Now, one of the "rules" in writing is to avoid "-ly" adverbs. Angrily, spitefully, joyfully, quickly, etc. But JK Rowling uses them liberally. (Stephen King says, with joking disapproval, that 'She's never met an adverb she didn't like.')

(The problem is discussed elsewhere on Writers; basically the issue is 'telling' the reader a state of mind instead of 'showing' them a state of mind, and they can feel quickly overdone.)

Breaking that rule might have prevented her from selling her first book more quickly, but eventually it was okay for the lesser literary sophistication of her young-adult audience.

So "no -ly adverbs" is a breakable rule. I think her books would have been better if she'd followed it, but, meh. Her imagination and story line obviously far more than make up for the issue.

Other and bigger such writing rules can be broken.
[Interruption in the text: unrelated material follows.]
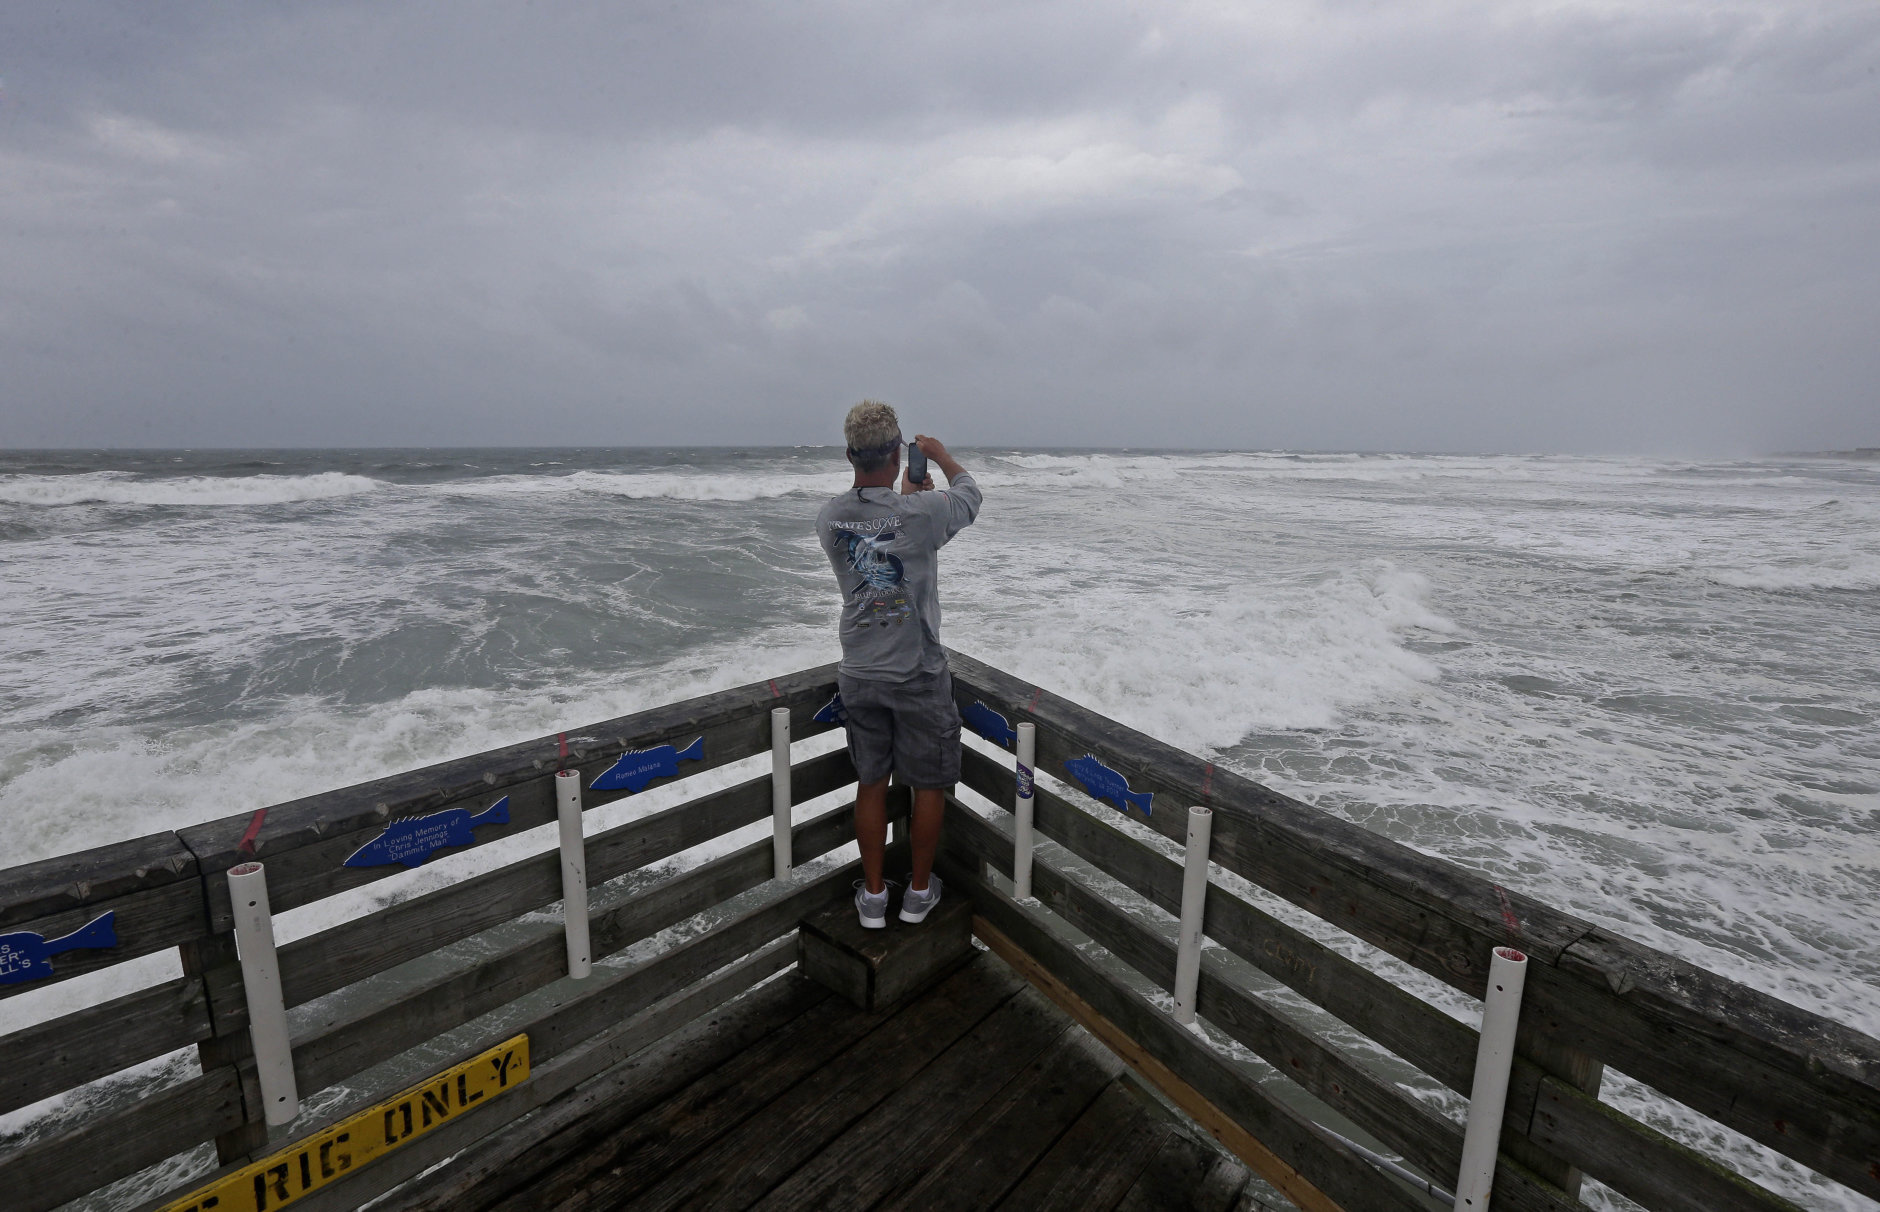 Patrick Wells looks out over the Atlantic ocean at the Avalon Fishing Pier in Kill Devil Hills, N.C., Thursday, Sept. 13, 2018 as Hurricane Florence approaches the east coast. (AP Photo/Gerry Broome)

For example, the Three Act Structure was derived from many hundreds of successful stories, and basically the three acts are "the beginning, the middle, and the end". The structure details what is typically IN each of these segments, at least in the majority of popular stories.

But you can break it. Shakespeare uses a Five Act Structure which contains twists in different places, and history suggests that works gangbusters. The "Hero's Journey" is another structure that works great. In the Three Act structure, we typically describe the protagonist's "normal world" first, and have an "inciting incident" at about the 1/8th mark, and we have our protagonist leaving their "normal world" about the 25% mark to deal with a disruptive problem at the end of Act I, and this marks the beginning of Act II.

But those have been severely compressed and expanded in the past. That can happen because a writer is awesome about creating a lot of plausible conflict in a story, and as long as there is something up in the air that readers are thinking about, a writer (like Stephen King) can basically go on indefinitely, because what we are reading is interesting and that carries the day.

That is the one rule you shouldn't break: You can't be boring. If I get tired of reading a scene and put the book down, that may just be me, being cognitively exhausted by my day, or mentally distracted by something else.

But if I'm actually bored with your writing, then after the second try I'm putting it down for good. I think agents feel the same; their professional time is limited, the number of manuscripts they get is more than they can represent, and they are professionals actively looking for reasons to drop a book and start the next one. They don't want to waste time.

They (professional readers like agents and publisher's first readers) are your litmus test. If your writing is interesting to them, and you don't have any (or many) mistakes that would break their reading reverie or make them wonder when you are going to make a point, you don't really have to worry too much about whether you are following the rules.

Remember, the Three Act Structure and other rules are basically derived from the study of successful stories; they are not mandates from on high, but a descriptive science, kind of like primitive chemistry. Because the stories existed long before they were studied to find commonalities, and they were written/told by story-tellers that used trial and error to find structures that kept their audiences captivated.

My advice (as a research scientist) is to learn and follow the rules, but if you have a great idea you believe will still captivate the audience, feel free to break them. But you still have to test if it works, and if you are proven wrong, find another way, or follow the rules.